In early 2017, Mark Finn, manager of the T. Rowe Price Value Fund, noticed something a bit off about a meeting he attended with the top executives at General Electric, a longtime holding in the fund and over the years one of its largest positions. Jeffrey Bornstein, then the company’s CFO, seemed to be waffling on GE’s ability to meet its $2-a-share earnings goal, preferring instead to stress the “quality of earnings.” Sensing something was up, Finn and his analysts determined that things were going downhill more quickly than management seemed to be letting on.

The decision to exit the stock proved to be a decisive move, and the fund avoided a massive drop in GE’s stock price later in the year after the company’s earnings came up short of expectations.

GE has been just one of a number of minefields the fund has navigated since Finn took over in 2010. One of the first mines he avoided was Avon. He inherited the cosmetics company from the previous portfolio manager, and it was having a hard time competing with online retailers. As a new manager, he maintained the position for 18 months before finally selling the shares at an average price of $15. The stock now trades at just over $2.

If a fund holding’s fortunes seem to be heading south, Finn tries to determine the reasons and find out whether there’s a clear path back on course or if something more damaging is afoot. “One thing I do particularly well is avoid problems,” he says. “If a thesis is not playing out, if margins are not expanding, I have to understand why.”

One of the fund manager’s core skills is buying reasonably priced stocks of high-quality companies facing some sort of controversy or investor neglect. Sometimes, as in GE’s case, the seed for a sell decision may take hold because the fund managers have misgivings after meeting with a company’s management. At other times, the original thesis for owning the stock simply isn’t panning out.

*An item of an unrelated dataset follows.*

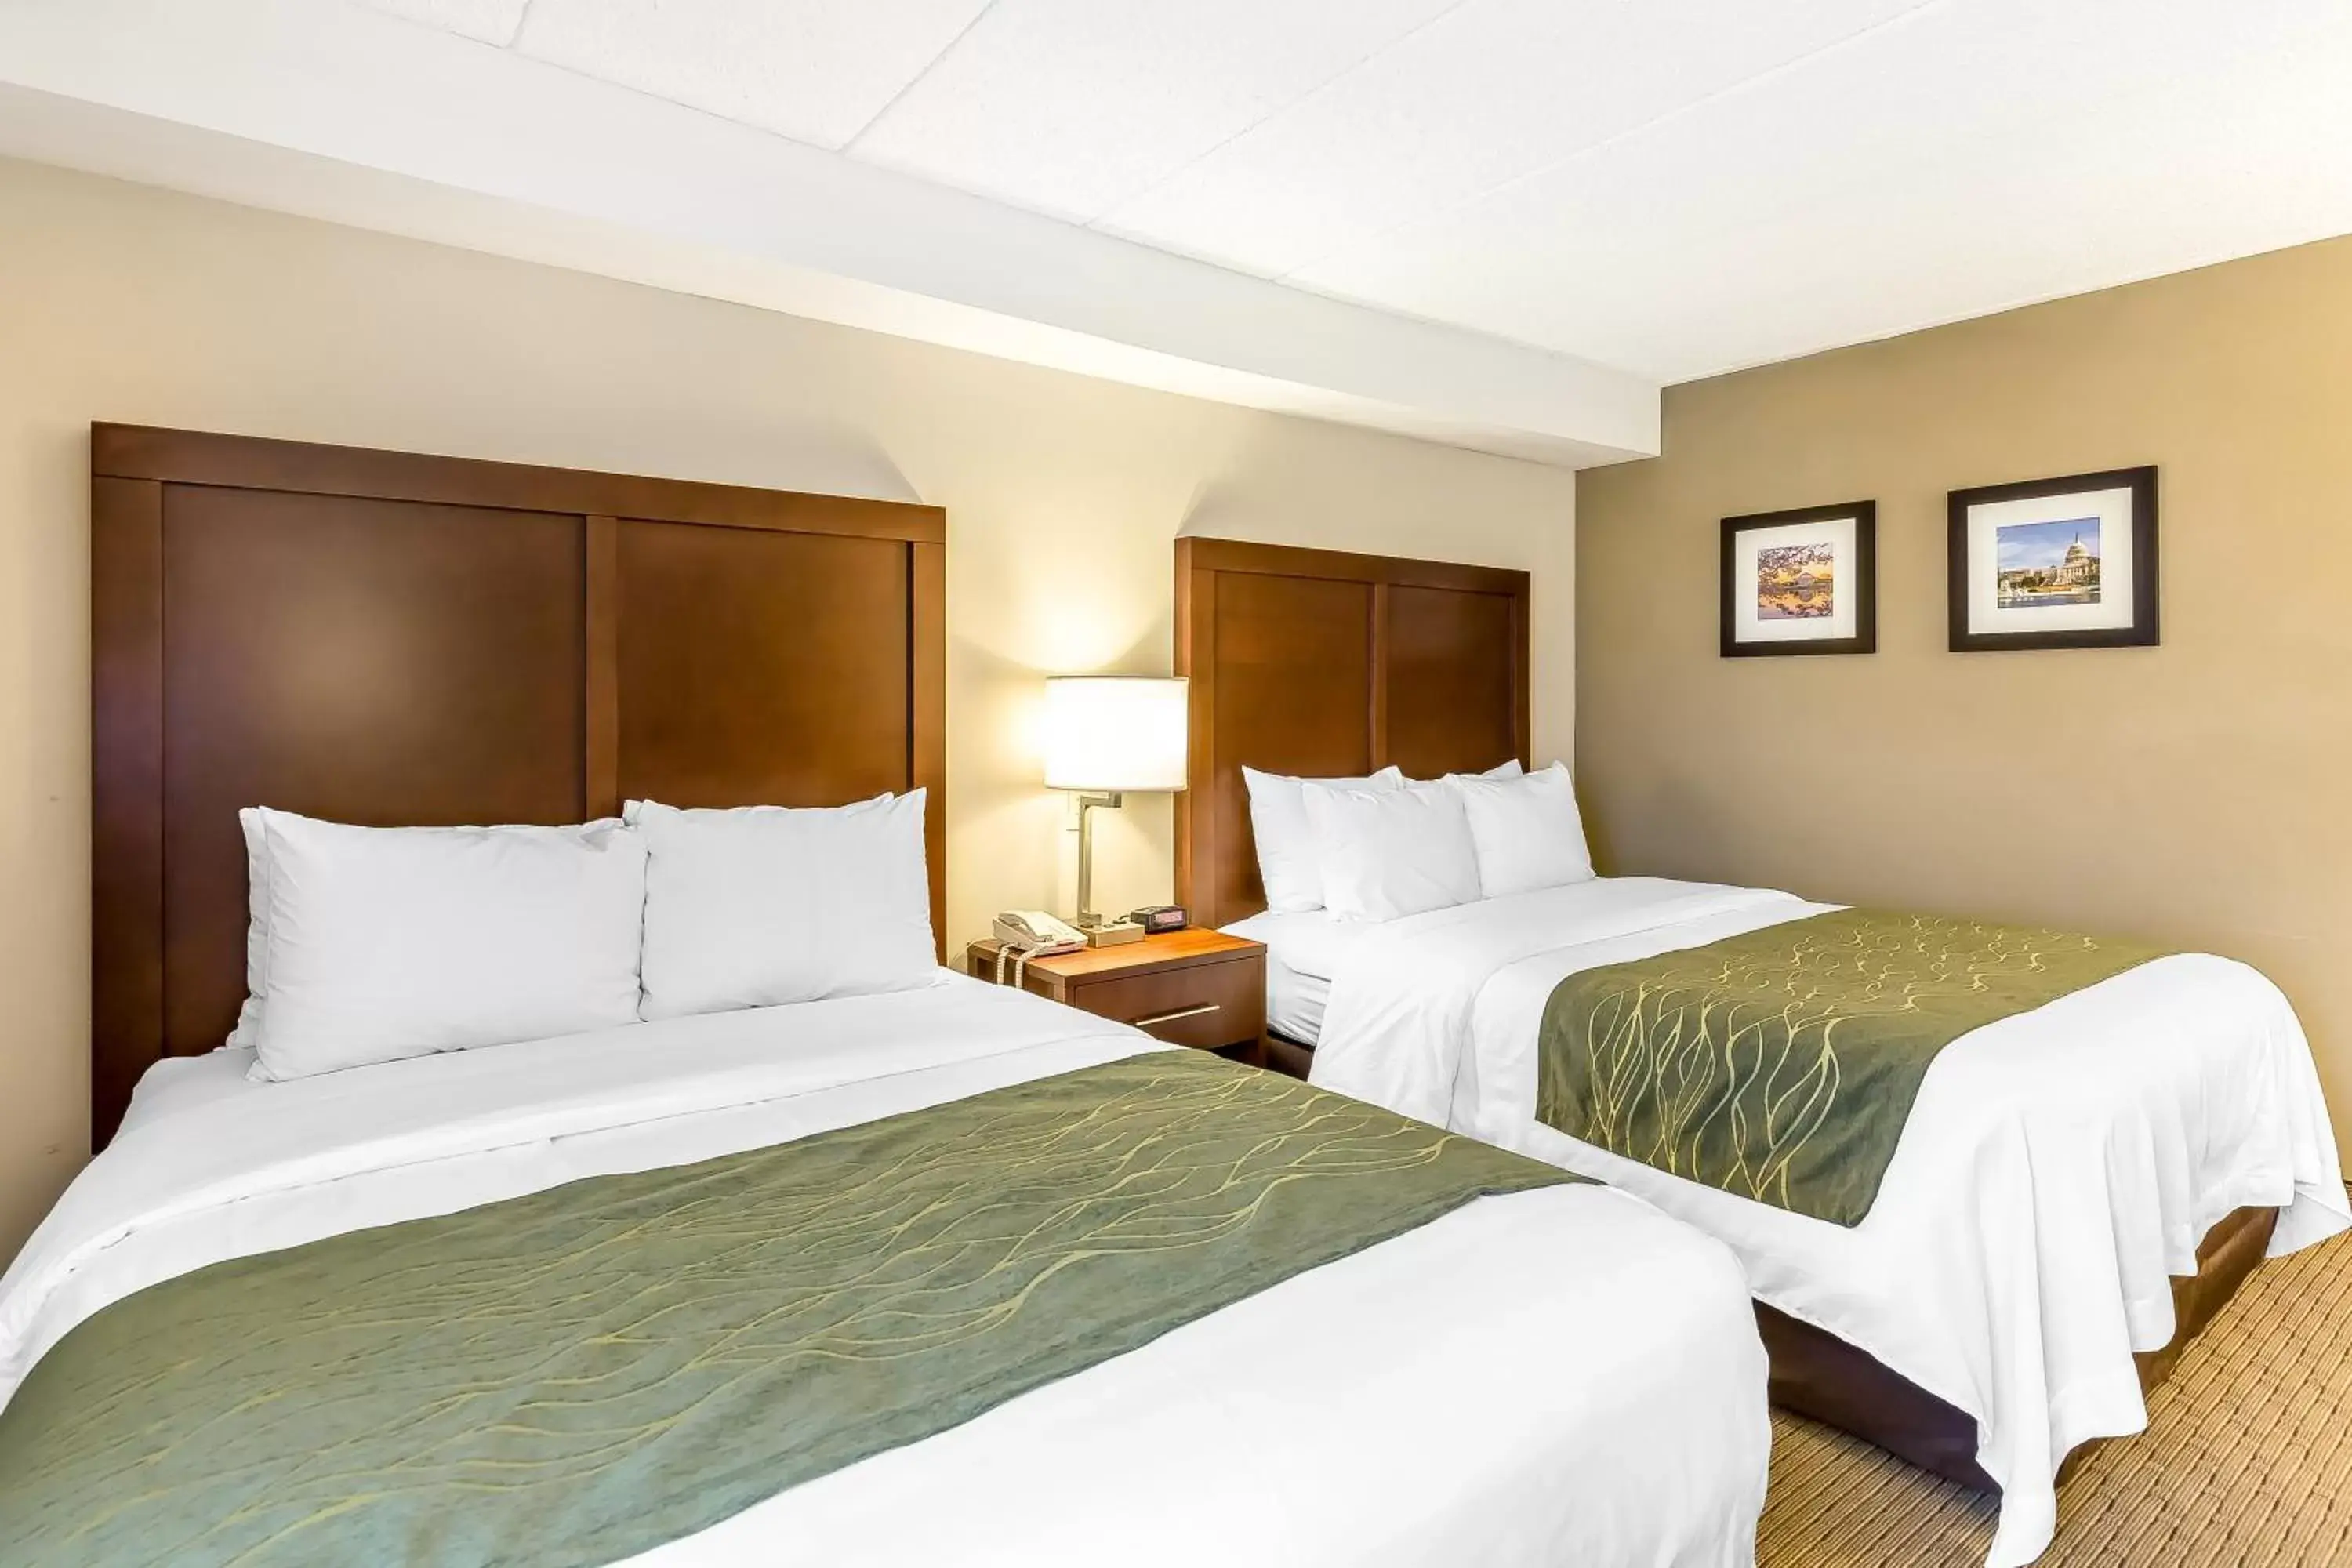 Bedroom, Bed in Comfort Inn Shady Grove - Gaithersburg - Rockville

On Finn’s watch, the fund has managed to excel in both the long and short terms. In 2017, a difficult year for value funds, the T. Rowe Price fund’s institutional class shares returned 19.16%, while the Russell 1000 Value index returned only 13.66%. The fund won an average annualized return of 9.19% over three years while the index returned only 8.65%, and the fund’s 15.17% five-year return, meanwhile, beat the index’s 14.04%. The 8.56% annualized return over 10 years beat the index’s 7.10%.

Finn says he’s able to get at the root of problems using skills he picked up over a varied career. After graduating from the University of Delaware with a degree in accounting, he took a job with Price Waterhouse and later obtained a certified public accountant designation. Five years later, he started with T. Rowe Price in its accounting division. He soon realized that his passion was investing, and he obtained a CFA designation in the early 1990s.

For most of that decade, he focused on bankruptcy and distressed debt investing. By 2001, he had spent a lot of his time analyzing high-grade utility bonds that later became high-yield, lower quality credits. Many of these investment-grade utility dropouts became fodder for equity ideas, which he shared with T. Rowe Price’s stock analysts. In 2004, he joined the equity division as an analyst for utilities, tobacco and other industries.

He believes the variety of his experiences helps him understand bond covenants, capital structures, the impact of bond ratings and other aspects of companies that traditional equity analysts might overlook, even though these qualities reveal key signs about a company’s financial health. When he’s analyzing a stock, he often finds himself consulting with T. Rowe Price’s high-yield bond analysts to get their perspective on the potential impact of a company’s problems.